Before we move forward, let’s understand these components in detail:

Term Frequency (TF)

This calculates the number of times a word appears in a document divided by the total number of words in that document. Every document has its own term frequency. The formula is:

$$TF(t) = \frac{{\text{{Number of times term t appears in a document}}}}{{\text{{Total number of terms in the document}}}}$$

Let’s say we have a document containing 100 words where the word ‘cat’ appears 3 times. The term frequency for ‘cat’ is then (3 / 100) = 0.03.
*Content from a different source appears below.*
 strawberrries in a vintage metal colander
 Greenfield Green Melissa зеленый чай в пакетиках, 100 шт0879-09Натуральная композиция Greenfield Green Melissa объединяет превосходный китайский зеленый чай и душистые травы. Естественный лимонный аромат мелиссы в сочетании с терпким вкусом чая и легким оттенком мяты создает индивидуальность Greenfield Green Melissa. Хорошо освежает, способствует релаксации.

Inverse Document Frequency (IDF)

This measures how important a term is. While computing TF, all terms are considered equally important. However, it is known that certain terms, such as “is”, “of”, and “that”, may appear a lot of times but have little importance. Thus we need to weigh down the frequent terms while scaling up the rare ones, by computing the following:

$$IDF(t) = \log_{e}\left(\frac{{\text{{Total number of documents}}}}{{\text{{Number of documents with term t in it}}}}\right)$$

For example, let’s assume we have 10,000 documents and the word ‘cat’ appears in 100 of these. Then, the Inverse Document Frequency, i.e., IDF, of ‘cat’ is log(10,000 / 100) = 2.

Combining these together

The TF-IDF weight is the product of these quantities:

$$TF-IDF(t) = TF(t) \times IDF(t)$$

So, for a term ’t’ in a document, the TF-IDF score is the product of its term frequency in the document and its inverse document frequency across the entire document corpus.

This numeric score is used to reflect how important a word is to a document in the corpus. The higher the TF*IDF score, the more important that term is to that document.

What is Word2Vec?

Word2Vec is a method to construct such an embedding. It can be obtained using two methods (both involving Neural Networks): Skip Gram and Common Bag Of Words (CBOW).

Word2Vec represents words in a vector space where similar words are grouped together. This means words sharing similar contexts are located close to each other in the space. The beauty of Word2Vec is that it captures the semantic relationship between words.

Word2Vec models require a lot of text, so we’ll use the pre-trained Word2Vec model which Google trained on Google News dataset.

from gensim.models import Word2Vec
from sklearn.decomposition import PCA
import matplotlib.pyplot as plt

sentences = [['I', 'love', 'to', 'play', 'football'], 
             ['He', 'loves', 'to', 'play', 'basketball'], 
             ['Basketball', 'is', 'his', 'favorite']]

# train model
model = Word2Vec(sentences, min_count=1)

# fit a 2d PCA model to the vectors
X = model[model.wv.vocab]
pca = PCA(n_components=2)
result = pca.fit_transform(X)

# create a scatter plot of the projection
plt.scatter(result[:, 0], result[:, 1])
words = list(model.wv.vocab)
for i, word in enumerate(words):
    plt.annotate(word, xy=(result[i, 0], result[i, 1]))
plt.show()

Conclusion

In summary, both TF-IDF and Word2Vec provide robust and more sophisticated ways to represent human language numerically. By recognizing the significance of words (TF-IDF) or by understanding the context and semantic relationships between words (Word2Vec), these techniques offer more than just a simple bag of words. They form the backbone of various advanced NLP tasks such as semantic search, sentiment analysis, and even dialogue systems for conversational AI.